HDR efficiency with the same seed on a. CACNA1D protein-coding region b. PPP1R12C protein-coding region

Competition assay was conducted to isolate more efficient SpCas9 variants. Both the EZ plasmids and wild type::M13F (SpCas9WT::M13F) plasmid were introduced into BL21(DE3) that carries the selection plasmid, BBa_K2130004. The M13F sequence was introduced into the plasmid backbone of SpCas9WT, which allows us to differentiate the EZ plasmids from the WT plasmid via colony PCR.

Two gRNAs (1A and 4B) were used and both gRNAs were designed to target the Ampicillin gene on BBa_K2130004. This selection plasmid encodes the toxin CcdB gene under the inducible BAD promoter. In the presence of the gRNA and appropriate inducers, the CcdB-Ampicillin plasmid will be cleaved and hence, the toxin gene CcdB will not be expressed, allowing the cell to survive. While on the other hand, cells that carry a non-functional EZ SpCas9 variant, will not cleave the CcdB-Ampicillin plasmid. As a result, the toxin CcdB gene will be expressed and lead to the cell death.

BBa_K2130004: ccdB plasmid

To perform the competition assay, we introduced equal amount (50ng) of plasmids (EZ + WT) into BL21(DE3) + BBa_K2130004. Colony PCR was performed on 32 randomly selected colonies to determine the EZ::WT ratio.

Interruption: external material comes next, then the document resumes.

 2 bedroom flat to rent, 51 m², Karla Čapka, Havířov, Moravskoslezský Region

The colony PCR results showed approximately 50% of the colonies contained the EZ plasmid and the other 50% contained the SpCas9WT::M13F plasmid. As we perform iterative rounds of competition assays, the ratio of EZ plasmid to SpCas9WT::M13F plasmid gradually increased, and eventually, all the tested cells contained only the EZ plasmid and none of them contained the SpCas9WT::M13F plasmid. The theory is that if the EZ SpCas9 variants are more efficient than SpCas9WT::M13F, cells that carry the EZ SpCas9 variants will replicate faster and their plasmid concentrations will increase as the rounds of competition assays increase.

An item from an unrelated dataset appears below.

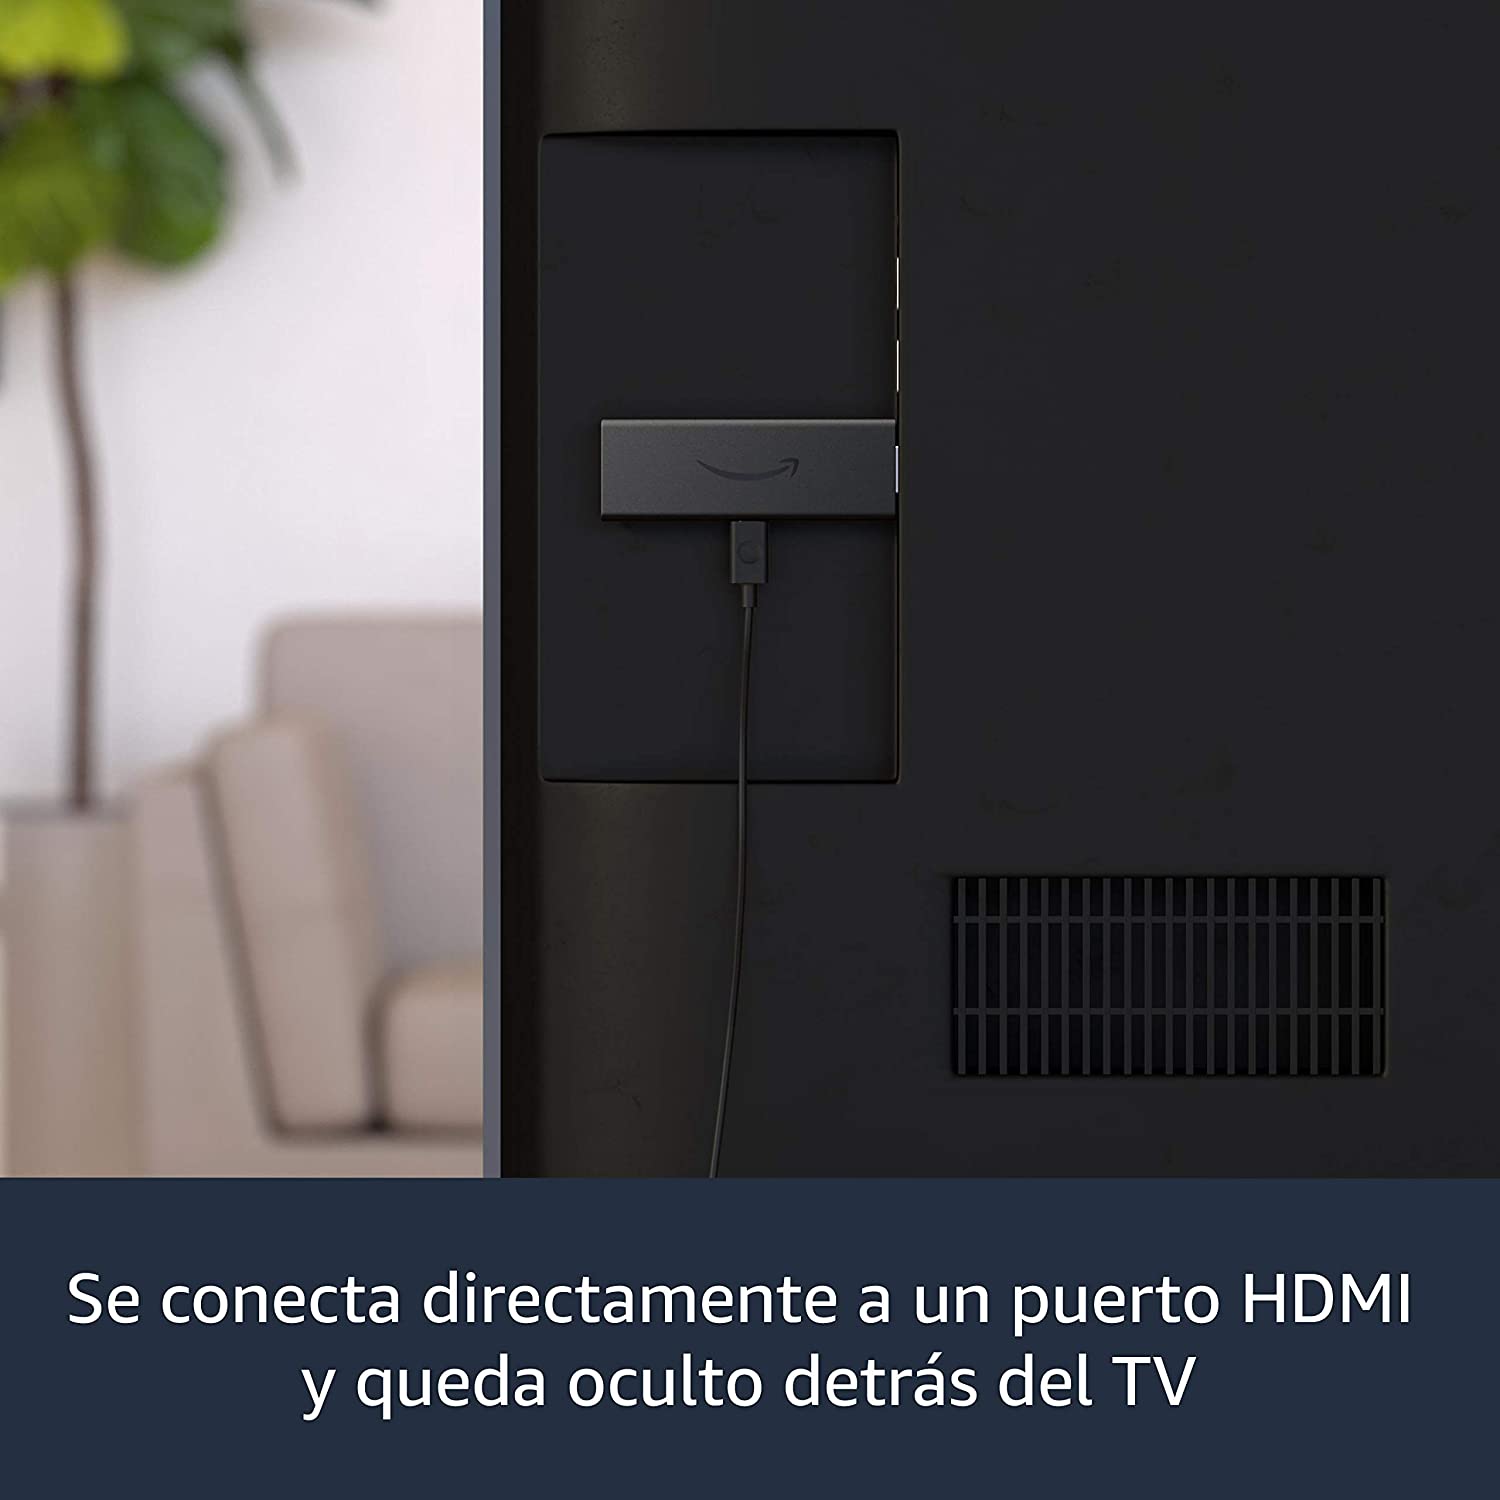 Fire TV Stick 3era Generación con Alexa Voice Remote (incluye controles de TV) | Dispositivo de streaming en HD

Screen for WT colonies after each round of competition assay.

Upon completing the competition assay, a few colonies were sequenced to determine their Cas9 mutations. The recurring variants were selected as the potential candidates for more efficient SpCas9. These selected variants of SpCas9 were recreated using Gibson Assembly in order to examine their cleaving efficiency in human cells. An alternative method employed to recreate the mutants was QuikChange site-directed mutagenesis (Agilent Scientific).

Library Winners Part Name
Mutants using gRNA 1A
1 Q894H F897Y E952D S1025G
2 Y812H Y1001H 459(BBa_K2130002)
3 L727I R884Q A1032T V748I N767D M822I R832L E1026K
4 I814V E952K P1002T A1081E
Mutants using gRNA 4B
1 N869K E904K 462(BBa_K2130001)
2 Q794H E952K P1002T A1081E
3 A752V G729D K959M
4 K968N W1074R E802D D829H S937F A991G D1017E G1070C V1092I

We chose one mutant from each gRNA library, mutant 459(BBa_K2130002) and mutant 462(BBa_K2130001) with fewer mutation to test their cleavage efficiency using the T7E assay, as well as an in vitro assay done with the help from Team Macquarie.

In vitro assay of WT-Cas9, mutant 462 and mutant 459. The Cas9s are programmed to cut a linear DNA fragment of 1200bp to 1000bp and 200bp fragments.